The input to the model is called `logits`, and there is one output per label. Each output produces a 2d array, with 1 row per input row, and each row having 2 columns - the first being a proba output for the negative case, and the second being a proba output for the positive case.

```python
# Assuming you have embeddings from all-MiniLM-L12-v2 for the input sentences
# E.g. produced from sentence-transformers such as:
#      huggingface.co/sentence-transformers/all-MiniLM-L12-v2
#      or from an ONNX version E.g. huggingface.co/Xenova/all-MiniLM-L12-v2

print(embeddings.shape)  # E.g. a batch of 1 sentence
> (1, 384)

import onnxruntime as ort

sess = ort.InferenceSession("path_to_model_dot_onnx", providers=['CPUExecutionProvider'])

outputs = [o.name for o in sess.get_outputs()]  # list of labels, in the order of the outputs
preds_onnx = sess.run(_outputs, {'logits': embeddings})
# preds_onnx is a list with 28 entries, one per label,
# each with a numpy array of shape (1, 2) given the input was a batch of 1

print(outputs[0])
> surprise
print(preds_onnx[0])
> array([[0.97136074, 0.02863926]], dtype=float32)

# load thresholds.json and use that (per label) to convert the positive case score to a binary prediction 
```

### Commentary on the dataset

Some labels (E.g. gratitude) when considered independently perform very strongly, whilst others (E.g. relief) perform very poorly.

This is a challenging dataset.
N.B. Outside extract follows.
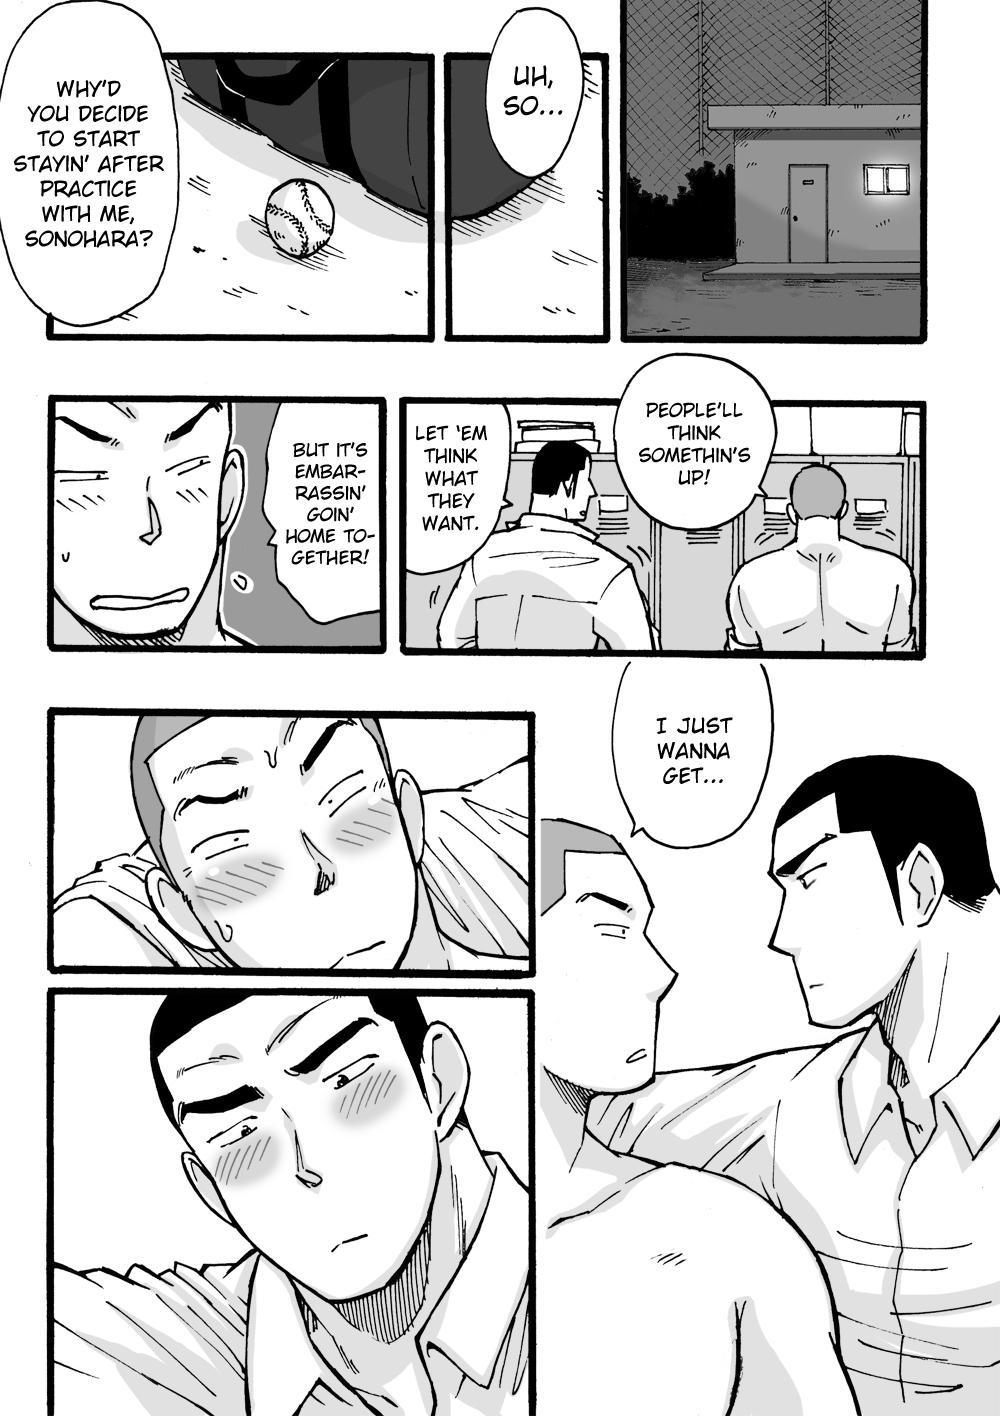 [Akahachi] Motemote Yakyuubu Otoko [Kouhen] | Popular Baseball Club Boys (Part Two) [English] [Papatez] 51

Labels such as relief do have much fewer examples in the training data (less than 100 out of the 40k+, and only 11 in the test split).

But there is also some ambiguity and/or labelling errors visible in the training data of go_emotions that is suspected to constrain the performance. Data cleaning on the dataset to reduce some of the mistakes, ambiguity, conflicts and duplication in the labelling would produce a higher performing model.